Steve, are you part of a swimming squad? Or do you receive any coaching?
“Around 10 years ago the Masters Group at my local YMCA had an amazing coach, Frank Keefe, who had coached Swimming for Yale University (near to where I live) and even some Olympic squads over his long career. Retired, he coached a small group of us a few mornings a week. Eventually, Frank moved away, the squad sessions were not the same, and the small cohort went our separate ways in our swimming.

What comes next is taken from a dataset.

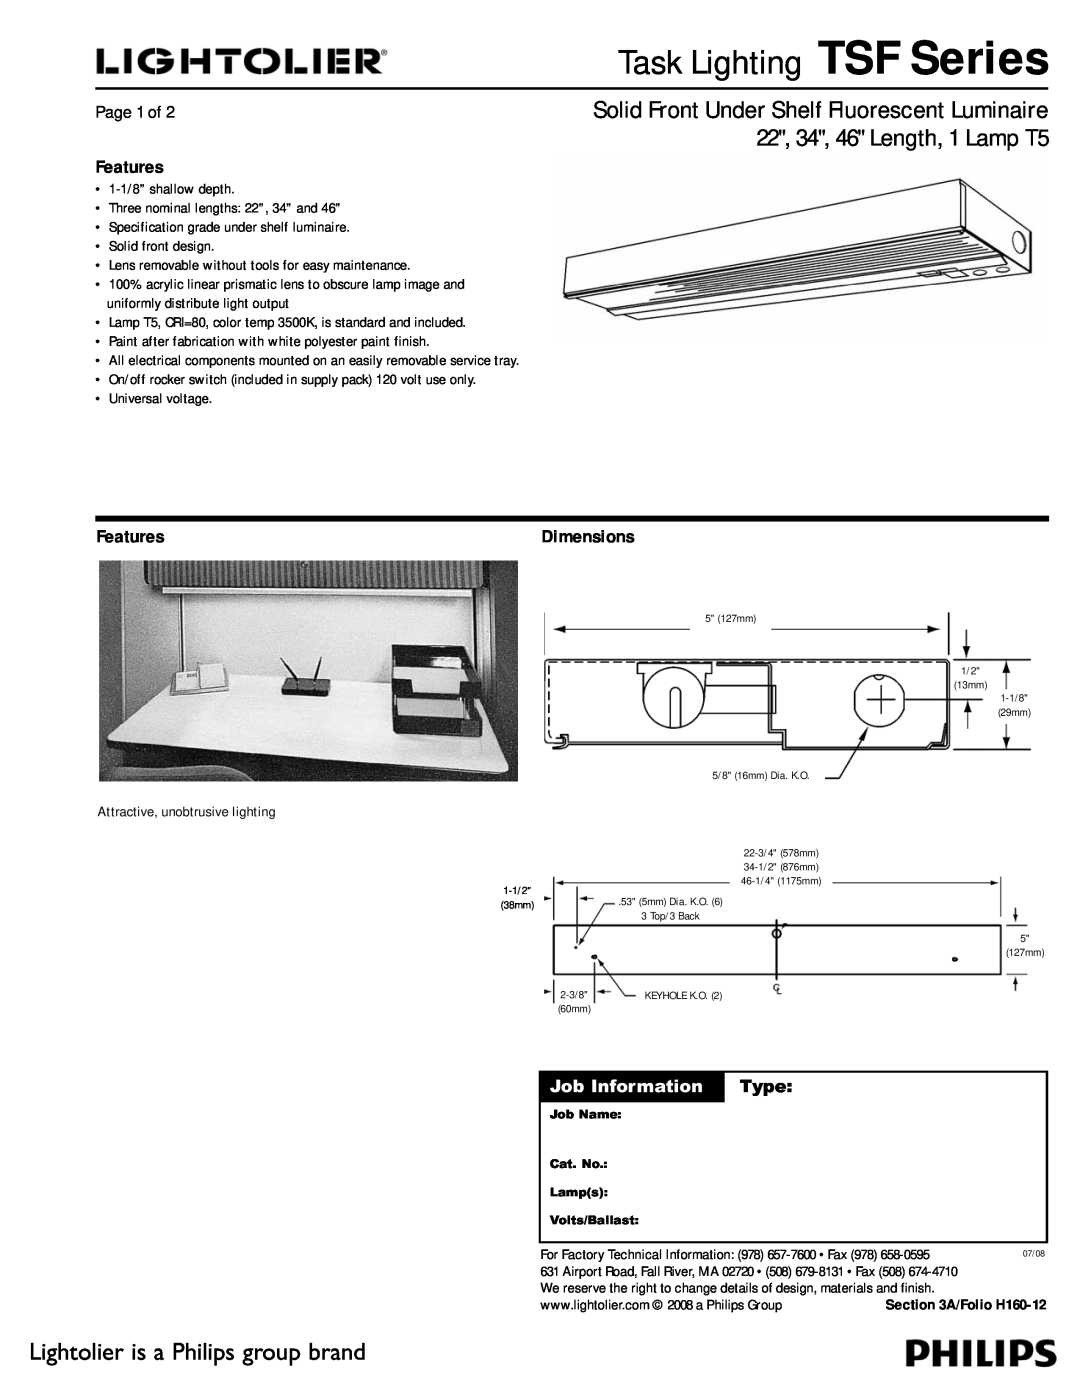 Lightolier dimensions Task Lighting TSF Series, Lightolier is a Philips group brand, Features, Page 1 of, Type

“I now mostly swim alone, though there are often other people in the water near me.”
Do you participate in any ocean swim events Steve?
“I like to do a few short-ish one to three mile (1.6 – 4.8 km) open water races each summer. A few years back, I did a few 10 km events – one in Bermuda, and one in the Hudson River in New York City. Someday, when travel allows, I hope to swim the Bosporus (6.5km swimming between Europe and Asia, starting in Istanbul,Turkey) and maybe the Hellespont (4.5km current assisted swim, also in Turkey).

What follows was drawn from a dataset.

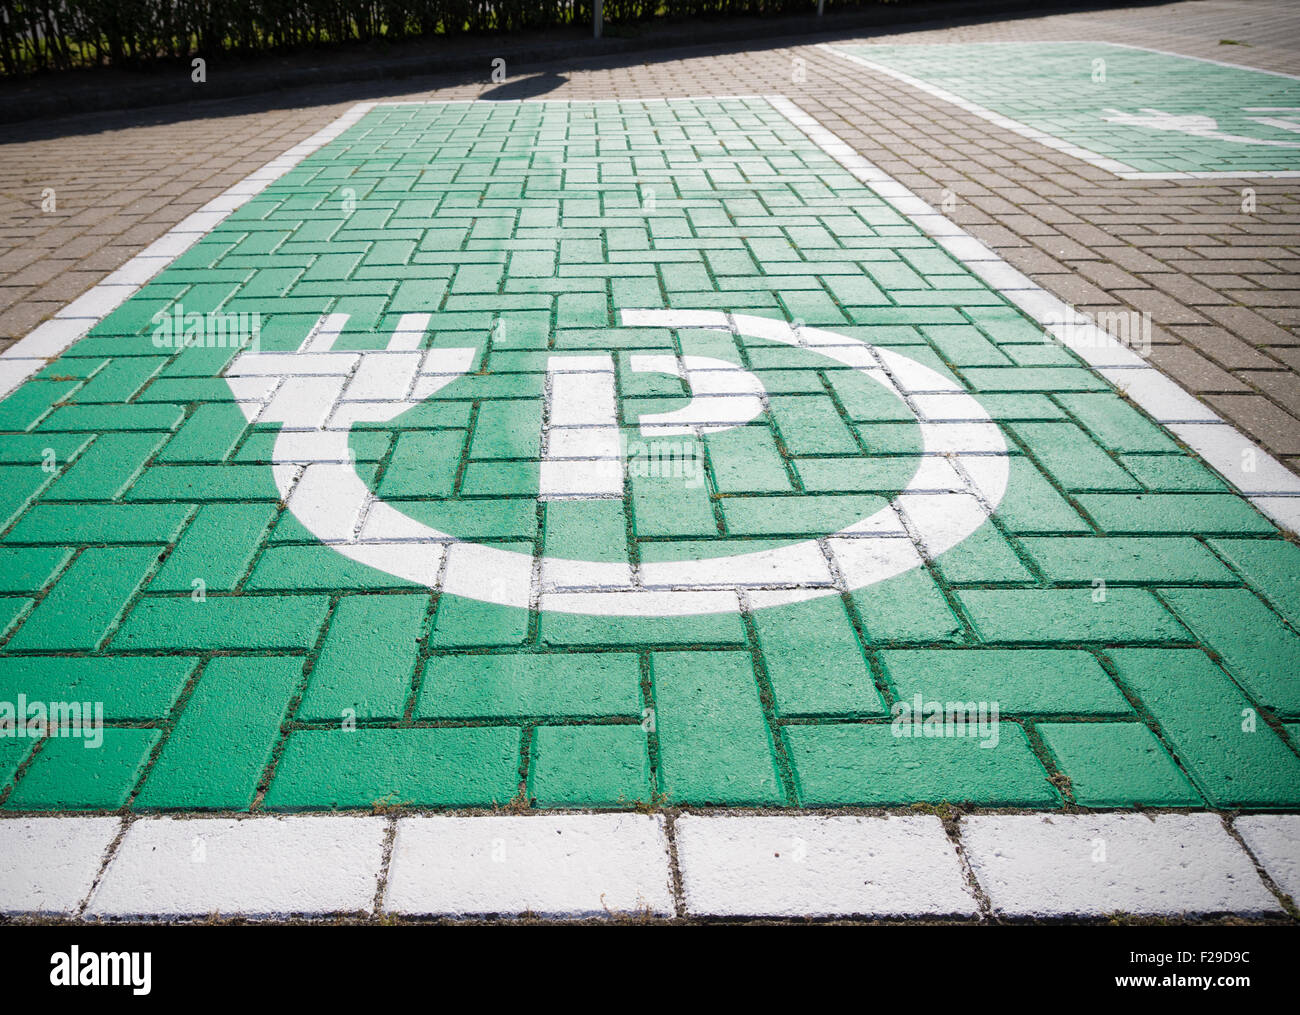 parking place with charging symbol for electric cars Stock Photo

“I do these kinds of races mostly for the swim-tourism: I love swimming in new water or past new places, as when I swam under the George Washington Bridge in New York, or around Harrington Sound in Bermuda. Alcatraz and the Bosphorus are on the list, and maybe some island crossings in the Aegean?”

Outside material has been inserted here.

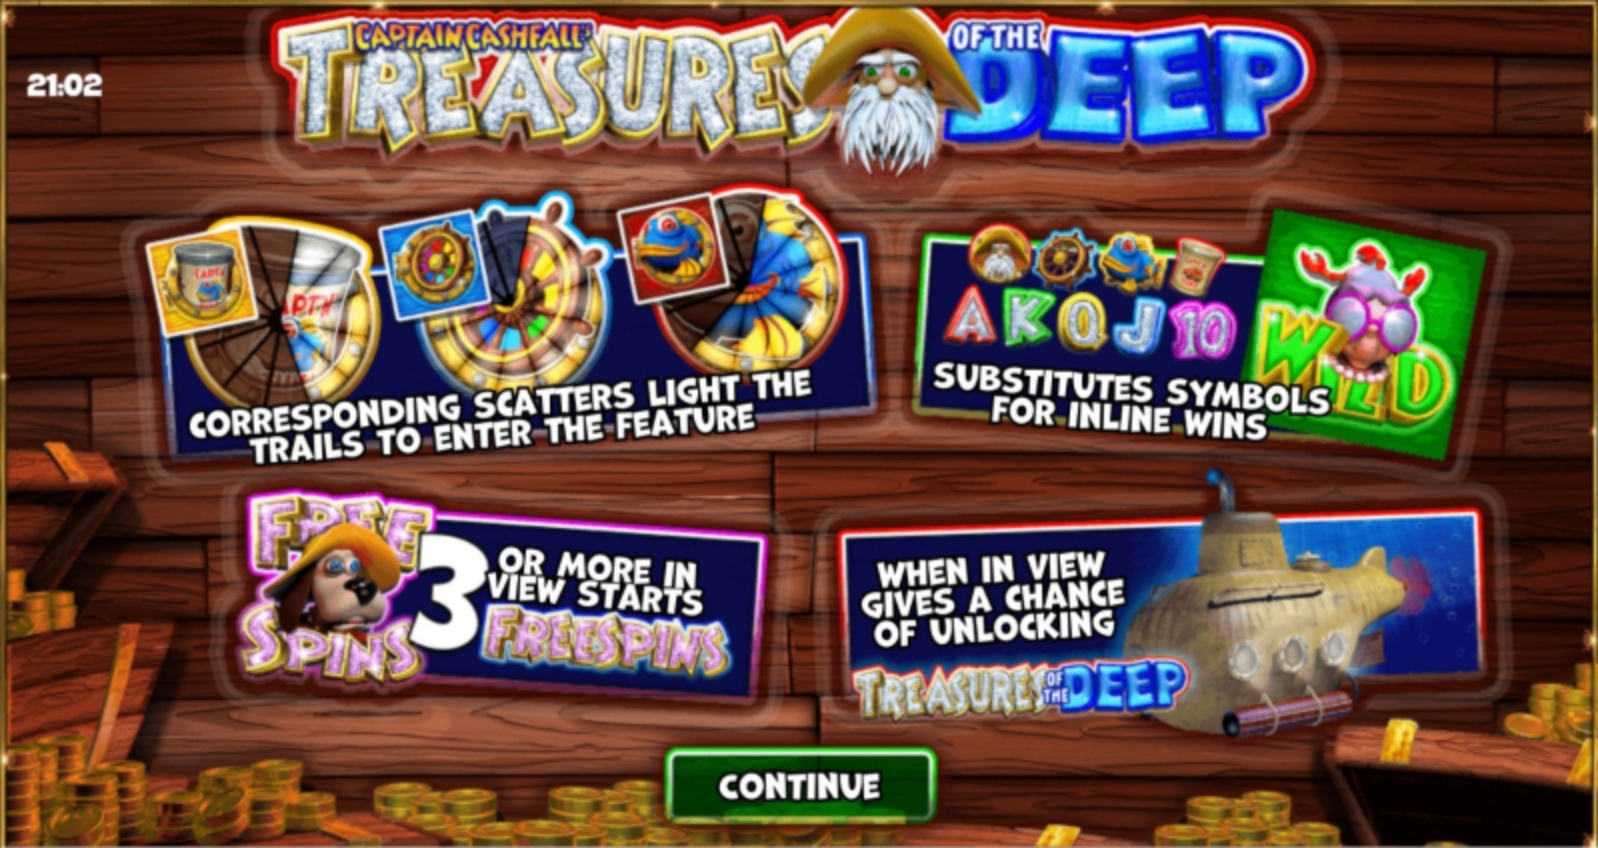 The Captain Cashfall's Treasures of the Deep Online Slot Demo Game by Storm Gaming Technology

Steve, what are some of your best swimming memories?
With my family - “Swimming with my family is something I cherish; we have always been a swimming family. My children are aged 18 and 19 now, and living close to the beach allows us to swim together regularly. We tend to build swimming into our family holidays, at places like the Jersey Shore, California, Greece, and Portugal. My daughter swam competitively for a couple years as a young teen, but neither of them really followed me in that way. My wife loves to swim, not so much the long swims with me, but we swim together all summer.”
In the continental rift in Iceland - “In the summer of 2012, I swam with my son and niece in Silfra, a body of glacial melt that sits right on the continental rift in Iceland. The water is 1 or 2 degrees Celsius degrees, so drysuits are essential. It was the clearest and most ethereal water I’ve ever been in. I wrote about it on my blog: “Alien and intimate water all around me, but barely wetting my skin” due to wearing a drysuit.”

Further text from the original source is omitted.